The occurrence of infection episodes (never/ever) was analyzed for both polymorphisms separately and in the same model using logistic regression models and adjusting for the follow-up time (weeks). Based on rs368234815 and rs117648444, all children were stratified into four groups: those not producing any IFN-λ4 protein (Null), producing only weak IFN-λ4-S70 protein, and one or two copies of the strong IFN-λ4-P70 protein. HBB status coded as 0, 1, and 2 for AA (wild-type) vs. sickle-cell trait (A/S or A/C) vs. sickle-cell disease (S/S, S/C or C/C) was used as a covariate for all malaria-related analyses; sex and birth month (as a proxy for seasonal effects) were tested but not significantly associated with any outcomes. Logistic regression models were used to evaluate the associations of IFNL4-rs368234815 with infections of interest, adjusting for the occurrence of other infections (ever/never) to examine whether these associations were specific to particular infection types.
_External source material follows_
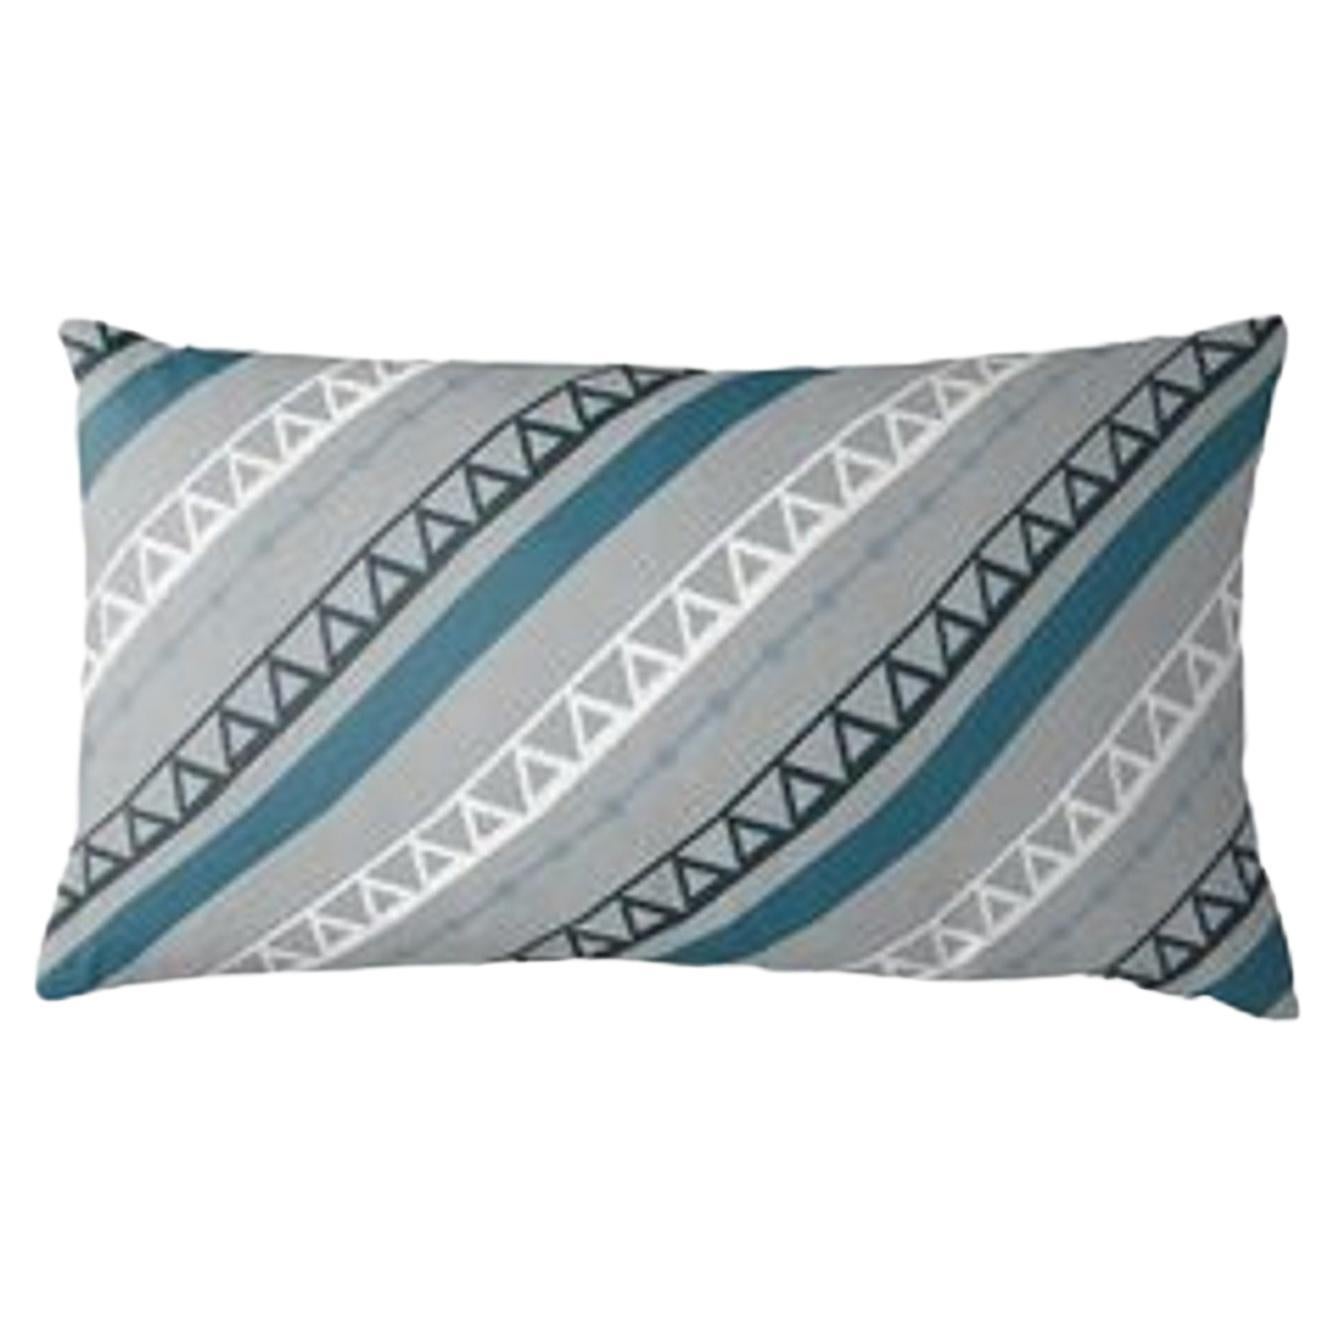 Ndop Blue and Gray Lumbar Pillow For Sale

Time-to-first episode of each infection was analyzed with Kaplan-Meyer plots and Cox proportional hazards regression models. The number of infection episodes during follow-up was analyzed using Poisson models with overdispersion (Quasi-likelihood), adjusting for the length of follow-up as an offset in the model (offset = log(LastVisitAge)).
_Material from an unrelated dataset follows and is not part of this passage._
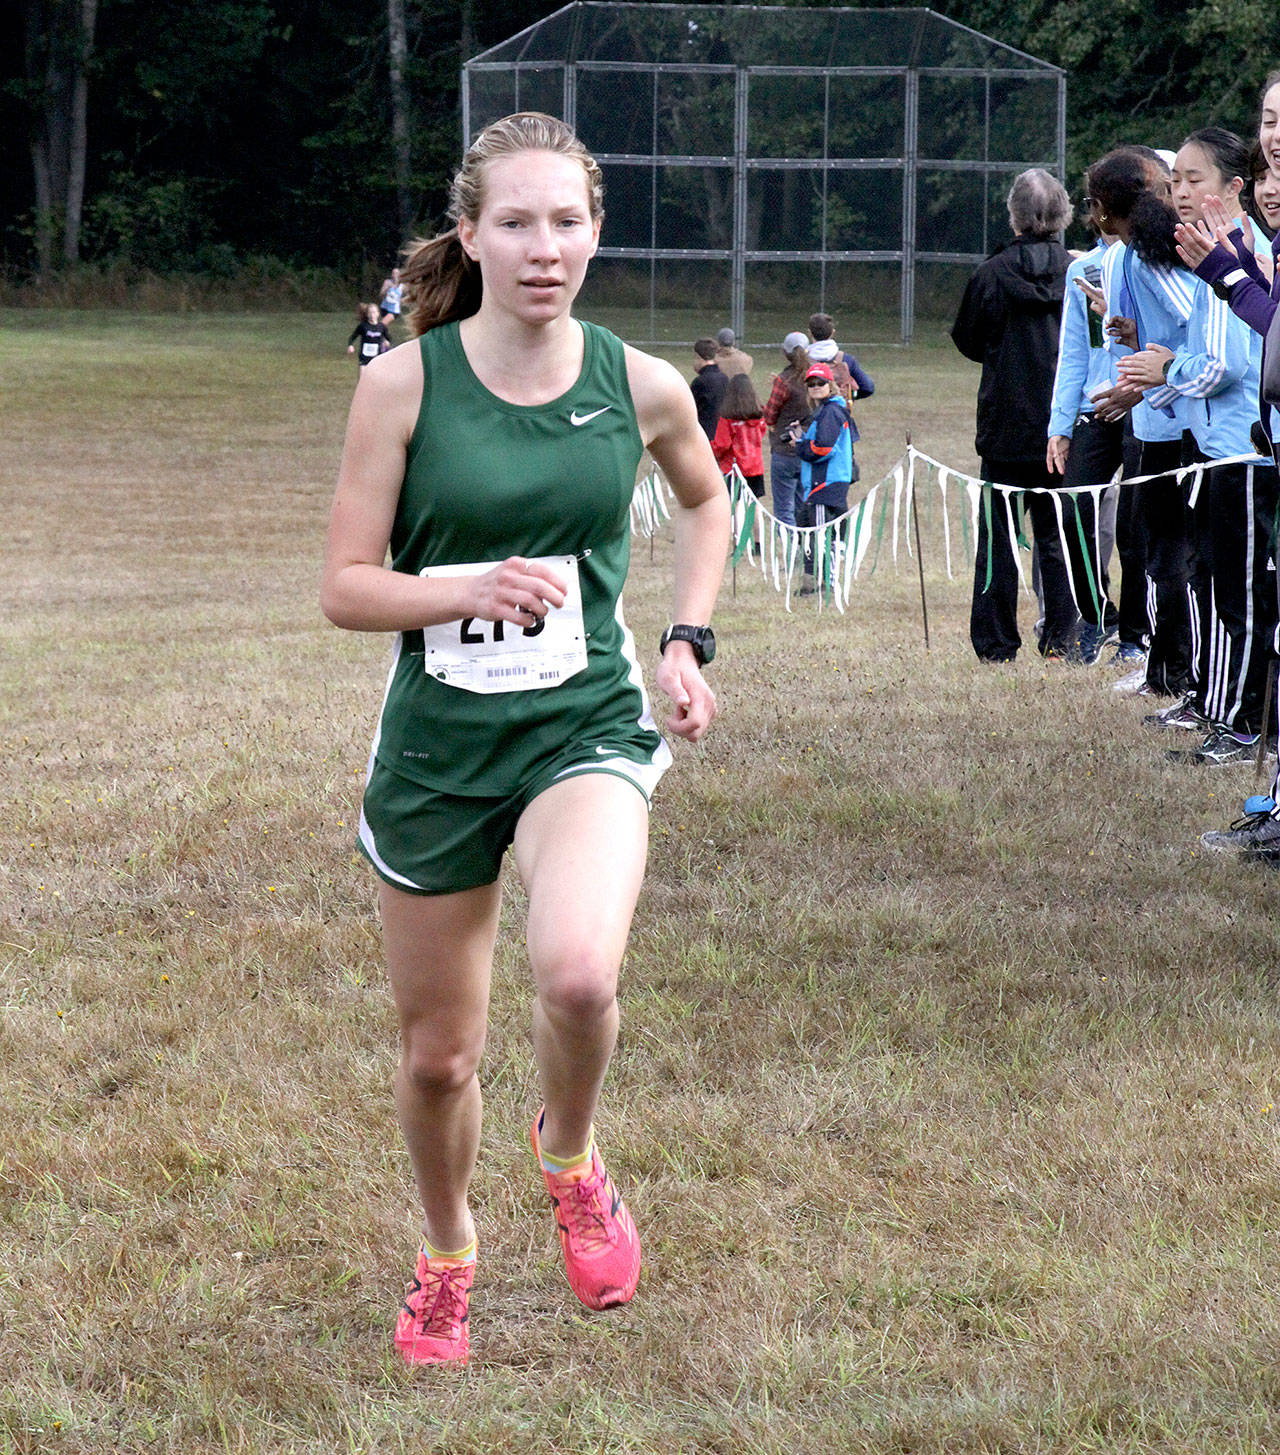 Dave Logan/for Peninsula Daily News Port Angeles’ Lauren Larson wraps up a win at the Salt Creek Invitational earlier this month. The Washington State Cross Country Coaches Association ranked the Roughriders’ girls team No. 1 in Class 2A this week.

Since the study did not have permission to perform genome-wide analyses of genetic variants that could be used to adjust for possible population stratification, we used self-reported paternal tribe information as a proxy. Of the 21 tribes, four tribes accounted for 92.5% of all the children: Bamana—72.3%, Peulh/Fulani—9.2%, Soninke—6.0%, and Malinke—5.0%. The reported paternal tribe (for all 21 tribes) was used as a random effect variable for logistic regression analyses (glmer package), Cox regression analyses with gamma frailty, and the analyses of infection episode counts per year (glmmPQL package). All the analyses were performed using specified packages in R (https://cran.r-project.org/). The results were not adjusted for multiple testing.

Results

The cohort

The Mali birth cohort included 914 children with available genotype, demographic and clinical data (Table 1). Based on data collected by this longitudinal study, we focused on three main outcomes: malaria (overall infection, severe, and non-severe), gastrointestinal infections, and acute respiratory infections. Malaria diagnoses were specific and required plasmodium detection, with or without other symptoms. Gastrointestinal and respiratory infections were defined based on the syndromic approach, using diarrhea and coughing/respiratory distress as respective proxies.
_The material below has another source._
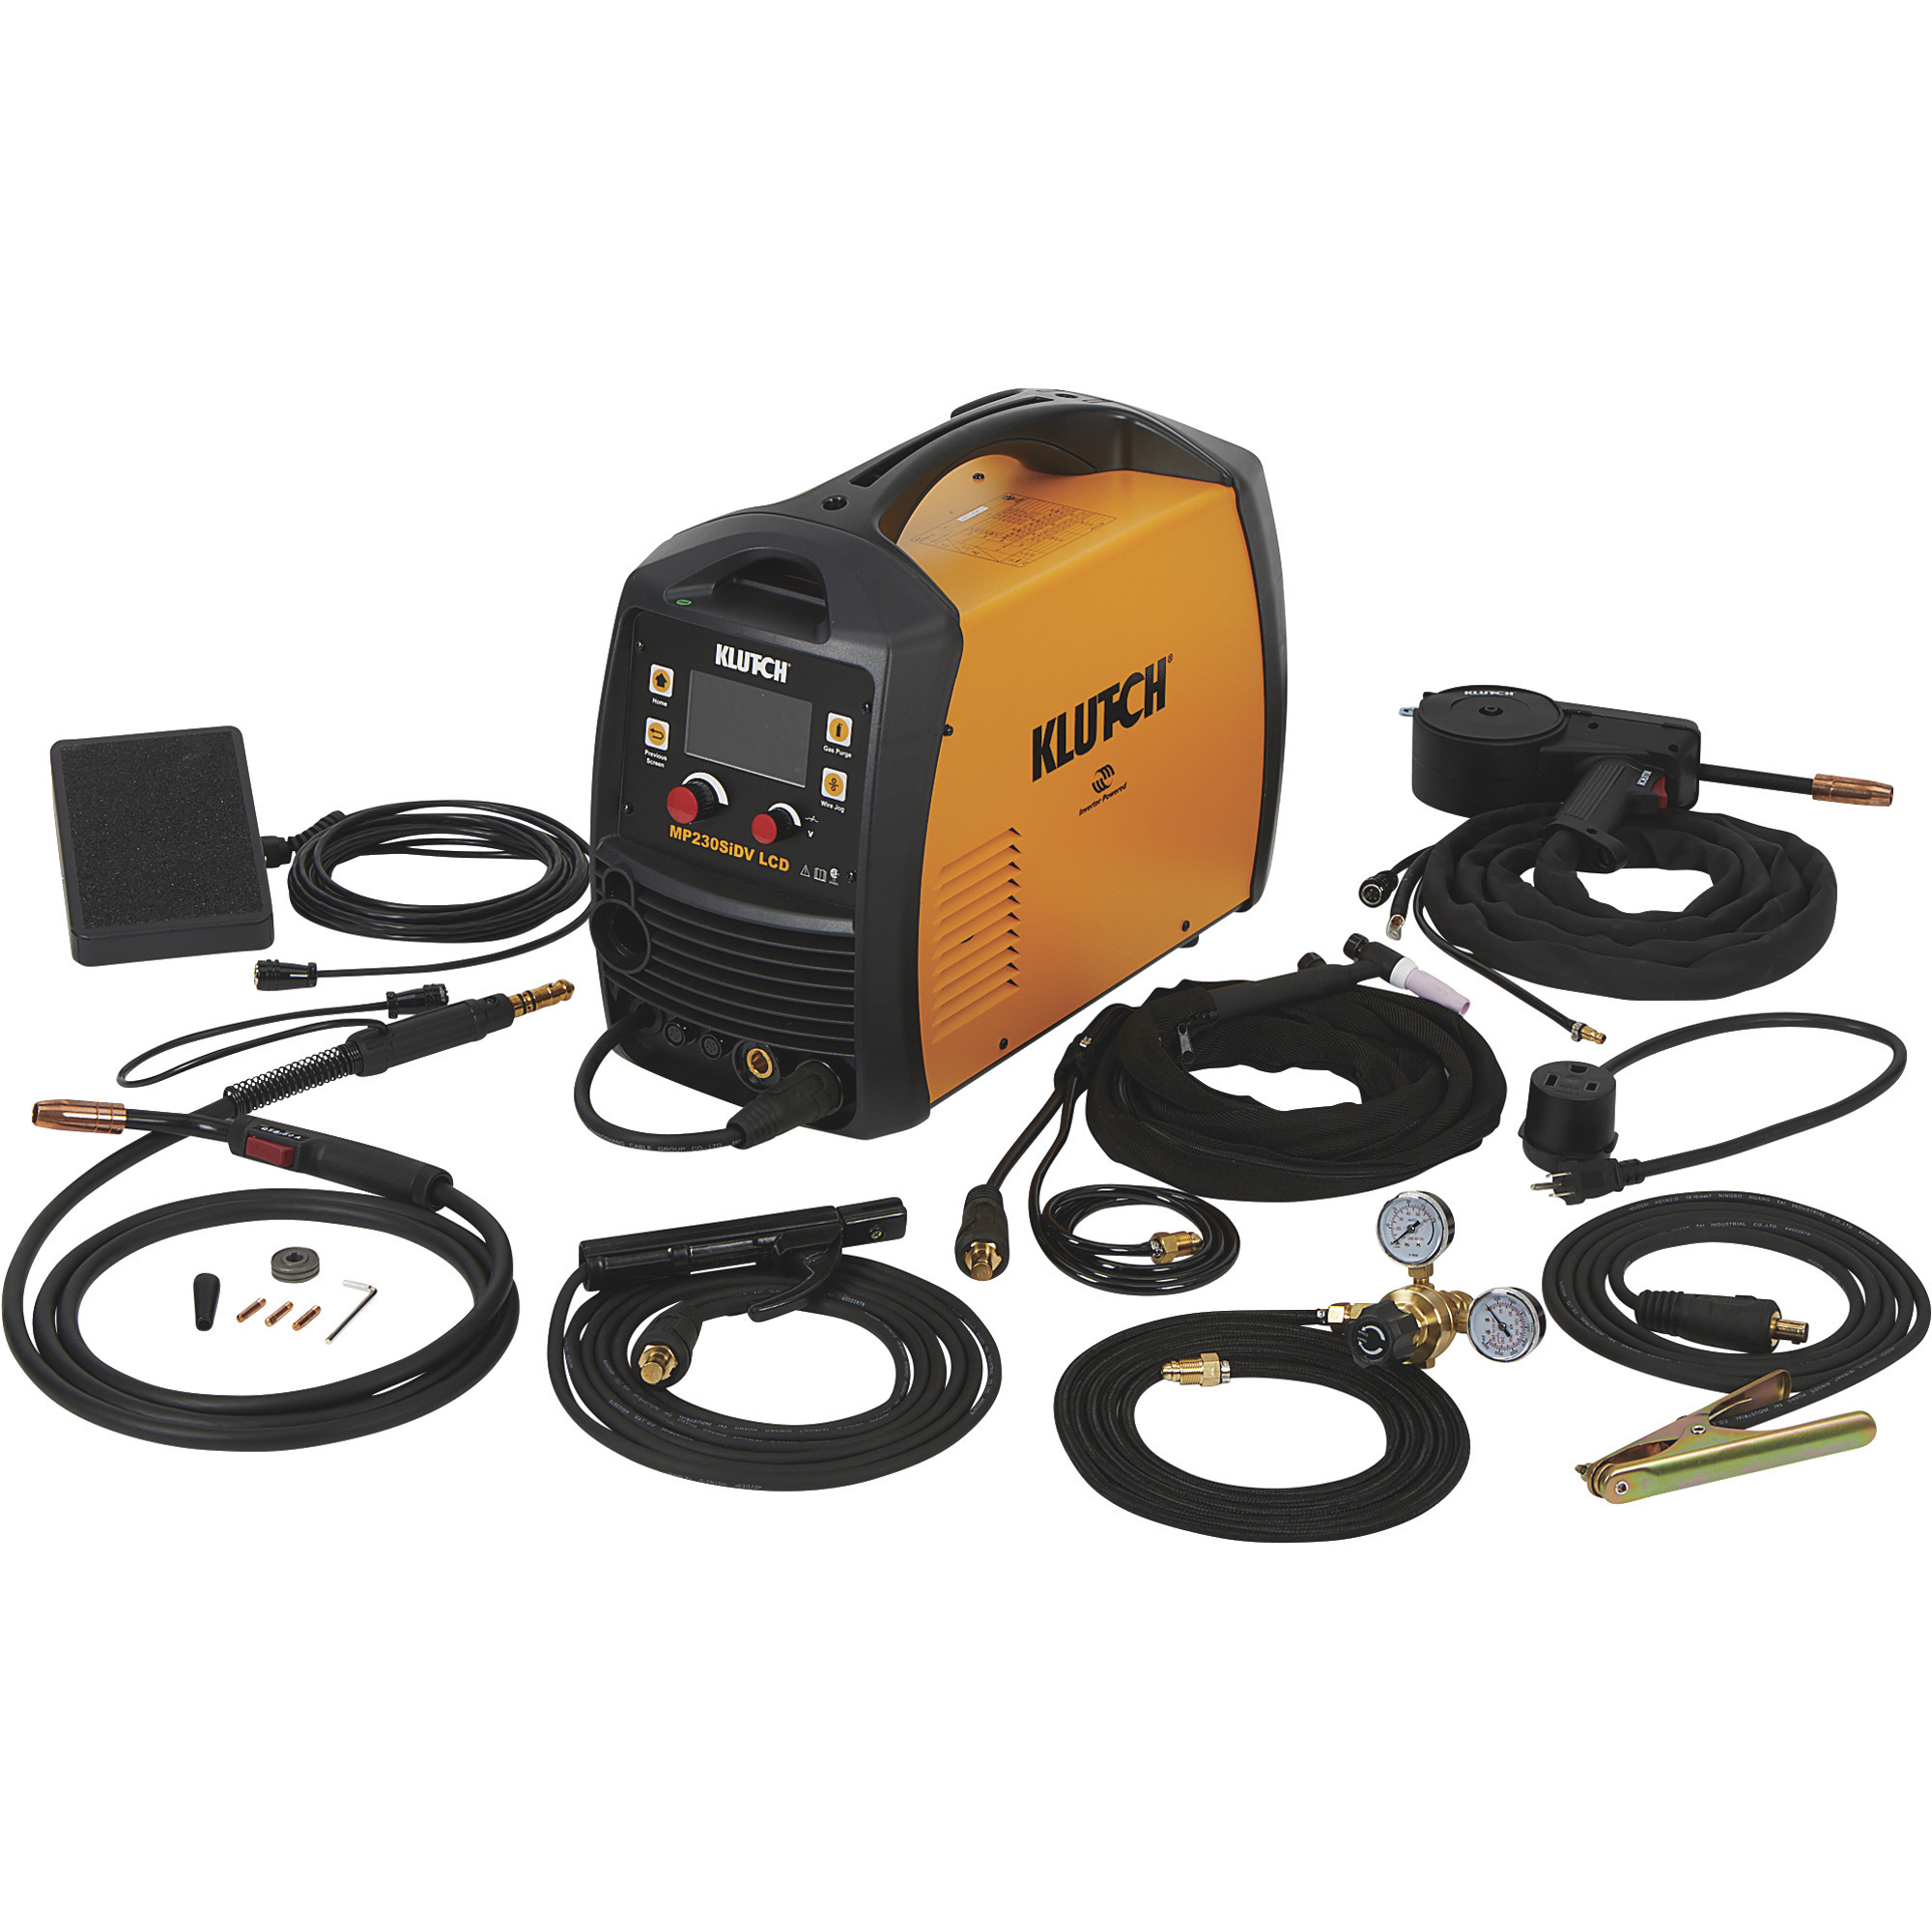 Klutch MP230SiDV LCD Flux-Core/MIG Welder with Multi-Processes, Spool Gun, LCD Display and Dual-Voltage Plug â Inverter, MIG, Flux-Core, Arc and TIG

Table 1 Demographic characteristics of 914 children enrolled in the Mali birth cohort.

Episodes of any infection (malaria, gastrointestinal or respiratory) were reported at 12.7% of the routine and 76.3% of the walk-in visits (Table 2). Thus, most infection episodes were acute and sufficiently severe to require an emergency visit to the clinic without waiting for the next regular scheduled check-up visit. The overall frequency of malaria infection at any visit was 10.6% (5.4% at routine and 19.9% at walk-in visits); gastrointestinal infection was reported at 8.4% of all visits (1.8% at routine and 20.2% at walk-in visits), and respiratory infection was reported at 21.0% of all visits (6.5% at routine and 47.4% at walk-in visits) (Table 2). No infection was reported at most visits (n = 19,808, 64.7%), while one and two infection types were reported at 9407 (30.7%) and 1380 (4.5%) visits, respectively. Only 31 visits (0.1%) reported all three infection types at the same visit.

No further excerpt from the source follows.